In this paper, a multistep sensitivity analysis (SA) approach for model calibration is proposed and applied to a complex traffic simulation model with more than 100 parameters. Throughout this paper, it is argued that the application of SA is crucial for true comprehension and the correct use of traffic simulation models, but it is also acknowledged that the main obstacle toward an extensive use of the most sophisticated techniques is the high number of model runs usually required. For this reason, we have tested the possibility of performing a multistep SA, where, at each step, model parameters are grouped on the basis of possible common features, and a final SA on the parameters pertaining to the most influential groups is then performed. The proposed methodology was applied to an urban motorway case study simulated using MITSIMLab, a complex microscopic traffic simulator.
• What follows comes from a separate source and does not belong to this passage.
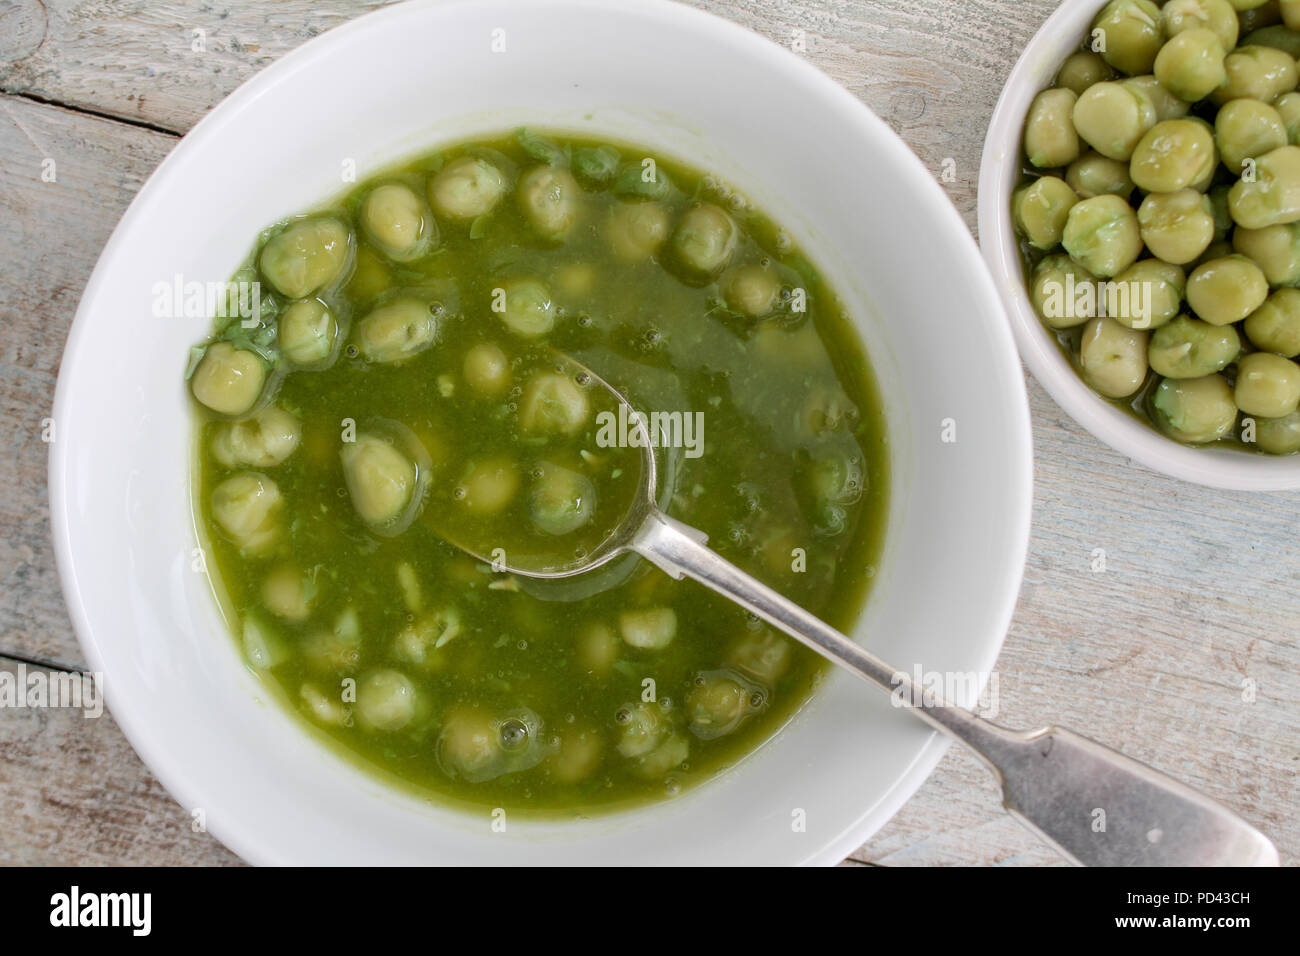 prepared marrowfat peas Stock Photo

The method allowed the analysis of the role played by all parameters and by the model stochasticity itself, with 80% fewer model evaluations than the standard variance-based approach. Ten model parameters accounted for a big share in the output variance for the specific case study. A Kriging metamodel was then estimated and integrated with the multistep SA results for a global calibration framework in the presence of uncertainty. Results confirm the great potential of this approach and open up to a novel view for the calibration of a traffic simulation model.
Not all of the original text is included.